In other words, the container can have (and usually does) a different time_base than the codec. Most libav players don't bother using the codec's time_base or pts since not all codecs have one, but most containers do. (This is why the dranger tutorial says to ignore AVFrame->pts)

…which confused me even more, given that I couldn't find any such mention in the official docs.

Anyway, I replaced…

double received_time = received_timestamp * av_q2d(stream_time_base);

…with…

double received_time = received_timestamp * av_q2d(codec_time_base);

…and the output changed to this…

...

requested: 10.00 (sec)  -> 300000 (pts)
received:  33.40 (sec)  -> 2002 (pts)

Still no match. What's wrong?

Answer

Anton Khirnov picture Anton Khirnov · Sep 17, 2013

It's mostly like this:

  • the stream timebase is what you are really interested in. It's what the packet timestamps are in, and also pkt_pts on the output frame (since it's just copied from the corresponding packet).
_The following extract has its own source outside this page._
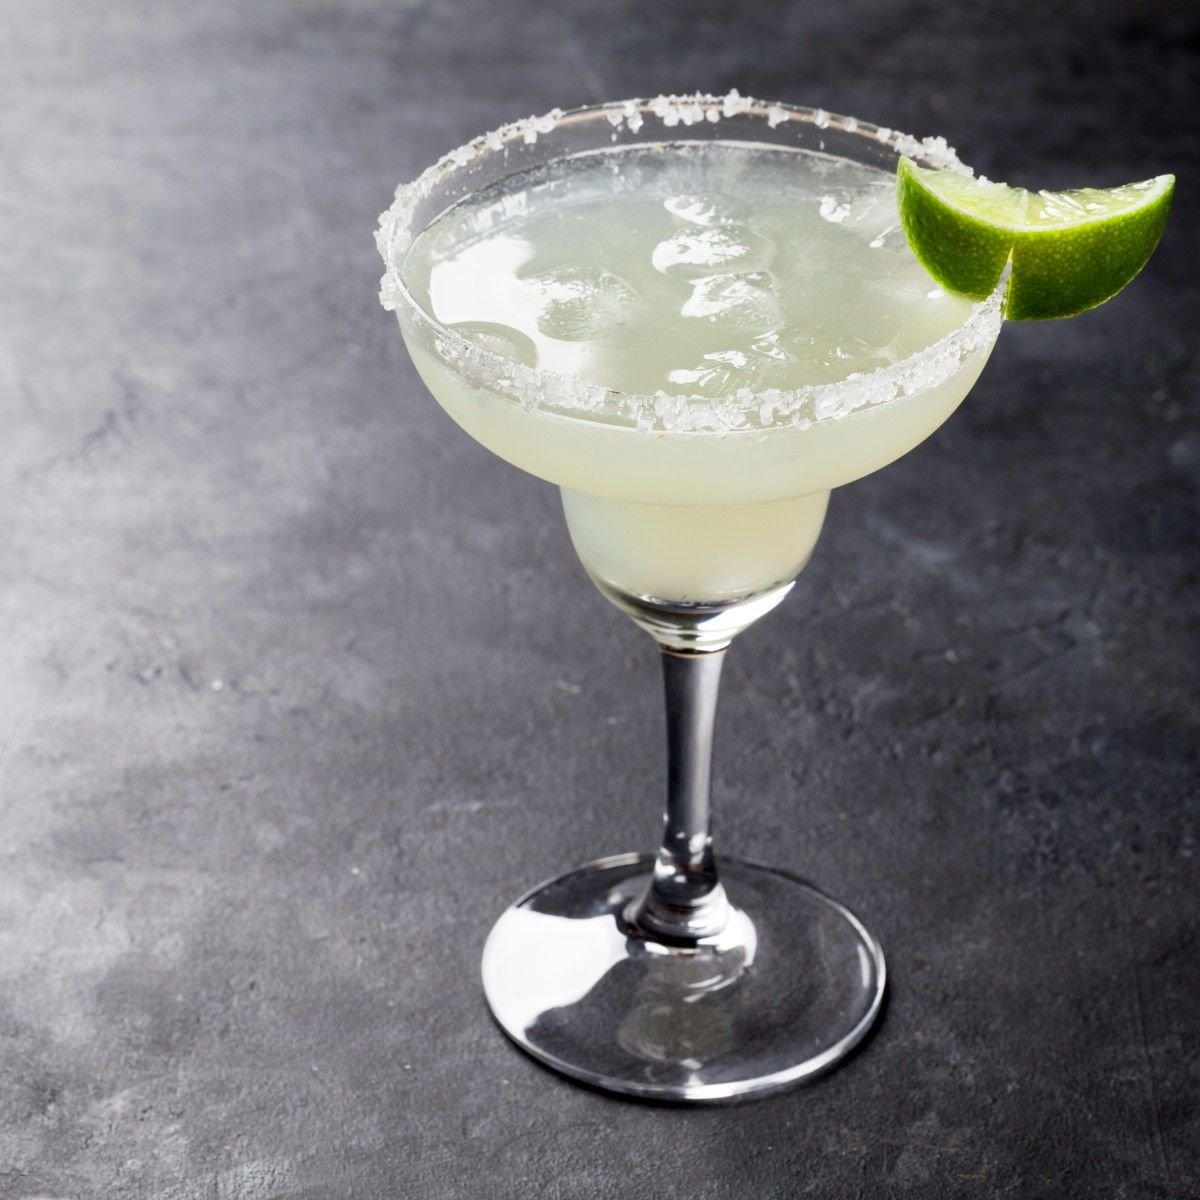 The Perfect Margarita, According To Rick Bayless

  • the codec timebase is (if set at all) just the inverse of the framerate that might be written in the codec-level headers. It can be useful in cases where there is no container timing information (e.g. when you're reading raw video), but otherwise can be safely ignored.

  • AVFrame.pkt_pts is the timestamp of the packet that got decoded into this frame. As already said, it's just a straight copy from the packet, so it's in the stream timebase. This is the field you want to use (if the container has timestamps).

  • AVFrame.pts is not ever set to anything useful when decoding, ignore it (it might replace pkt_pts in the future, to make the whole mess less confusing, but for now it's like this, for historical reasons mostly).

  • the format context's duration is in AV_TIME_BASE (i.e. microseconds). It cannot be in any stream timebase, since you can have three bazillion streams, each with its own timebase.

  • the problem you see with getting a different timestamp after seeking is simply that seeking is not accurate. In most cases you can only seek to closest keyframe, so it's common to be a couple seconds off. Decoding and discarding the frames you don't need must be done manually.